I might be wrong, but I believe the accepted answer will not work. monotonically_increasing_id only guarantees that the ids will be unique and increasing, not that they will be consecutive. Hence using it on two different dataframes will likely create two very different columns, and the join will mostly return empty.

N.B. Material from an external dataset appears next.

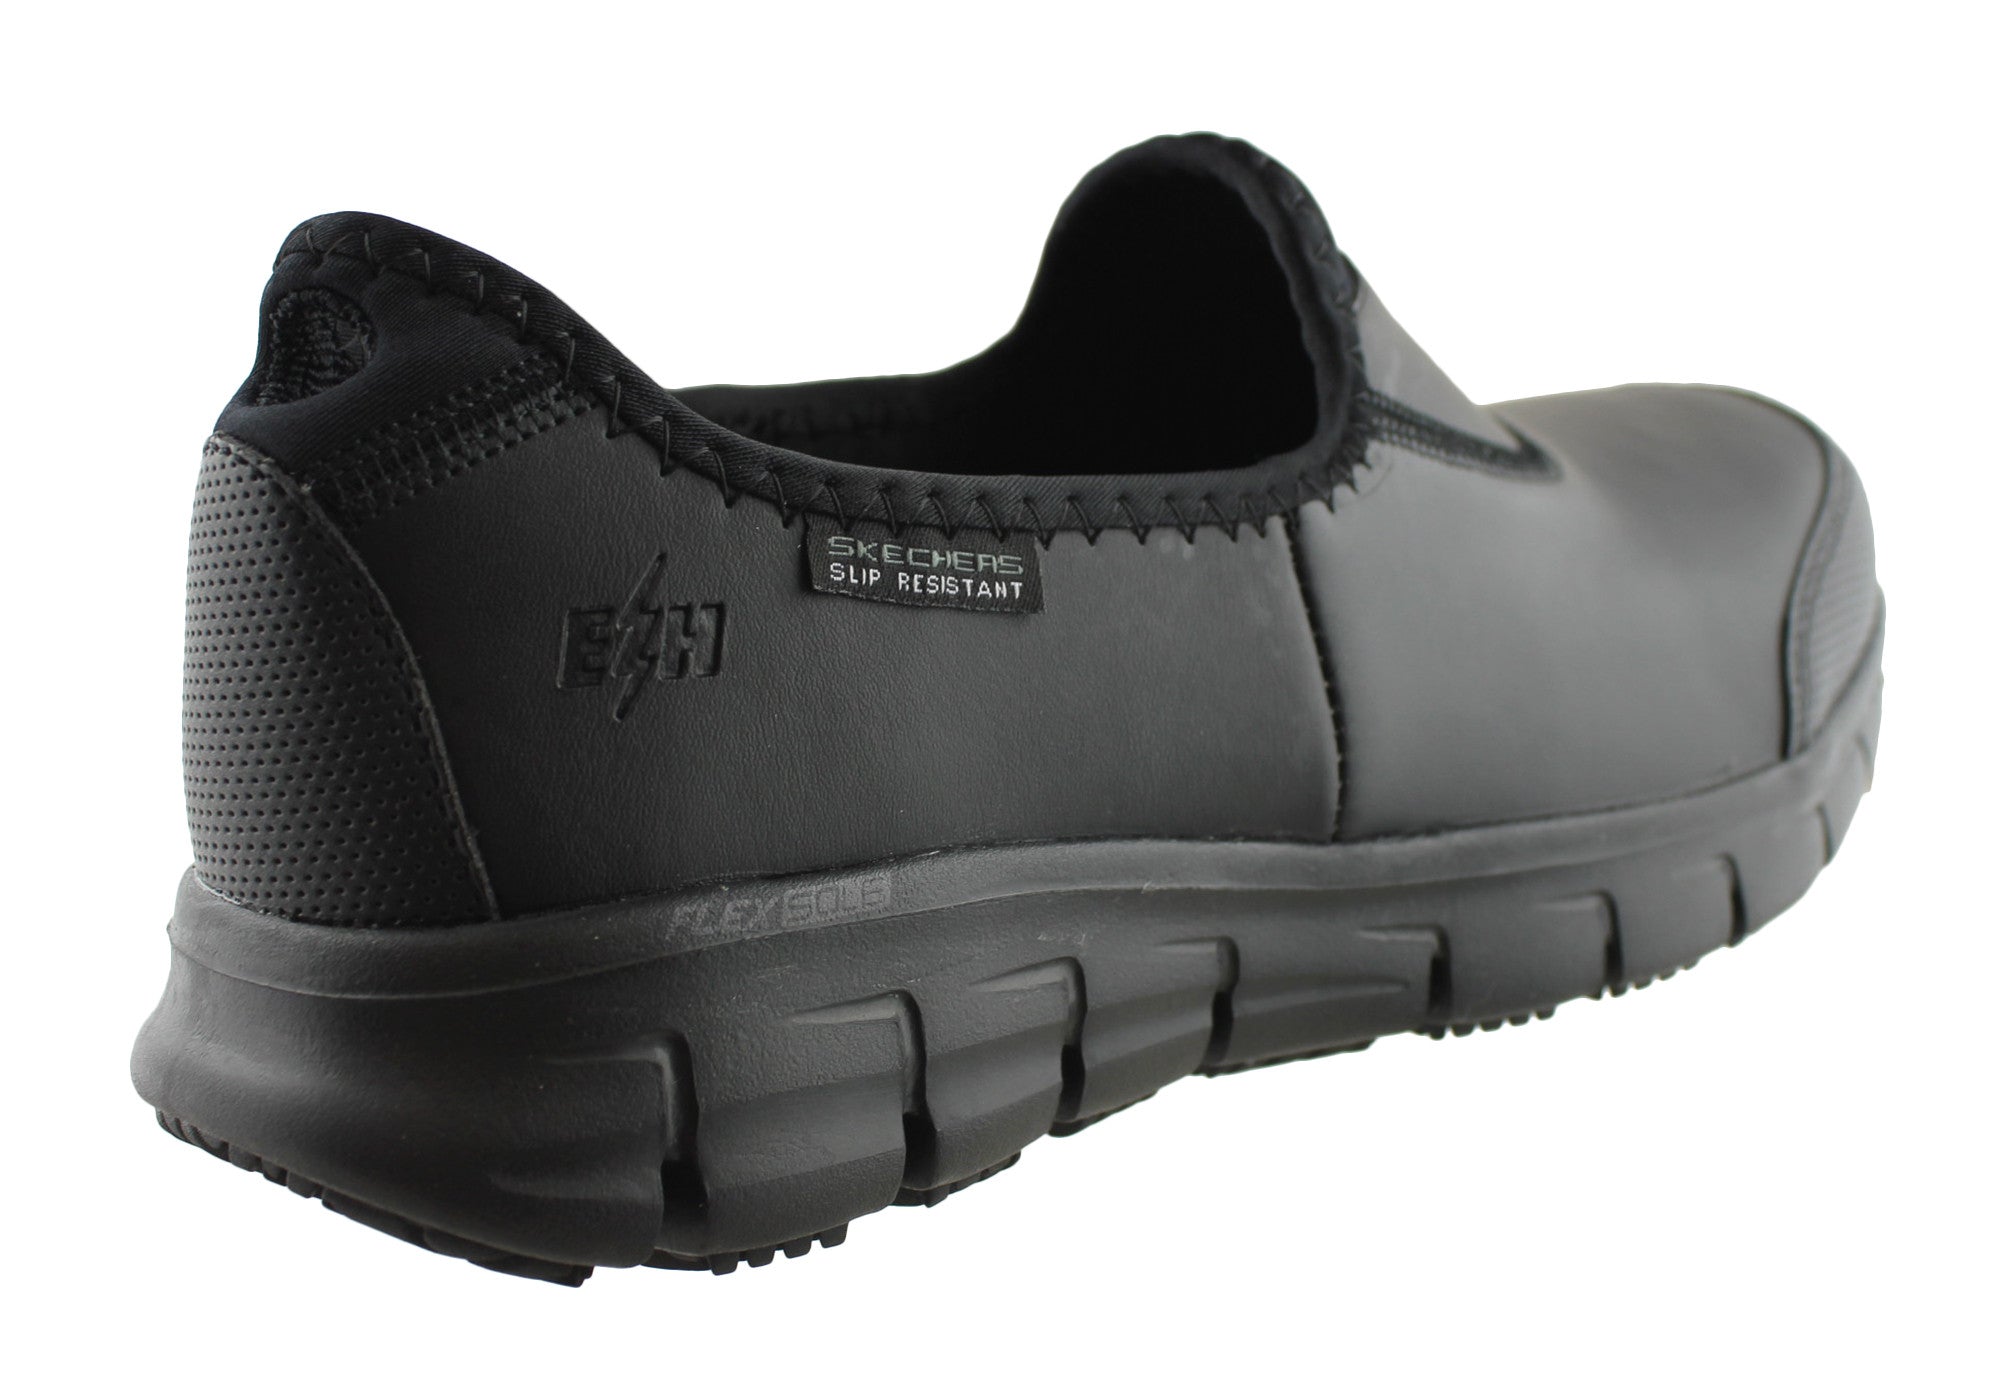 black slip on comfort shoes

taking inspiration from this answer https://stackoverflow.com/a/48211877/7225303 to a similar question, we could change the incorrect answer to:

from pyspark.sql.window import Window as W
from pyspark.sql import functions as F

a= sqlContext.createDataFrame([("Dog", "Cat"), ("Cat", "Dog"), ("Mouse", "Cat")],
                               ["Animal", "Enemy"])

a.show()

+------+-----+
|Animal|Enemy|
+------+-----+
|   Dog|  Cat|
|   Cat|  Dog|
| Mouse|  Cat|
+------+-----+



#convert list to a dataframe
rating = [5,4,1]
b = sqlContext.createDataFrame([(l,) for l in rating], ['Rating'])
b.show()

+------+
|Rating|
+------+
|     5|
|     4|
|     1|
+------+


a = a.withColumn("idx", F.monotonically_increasing_id())
b = b.withColumn("idx", F.monotonically_increasing_id())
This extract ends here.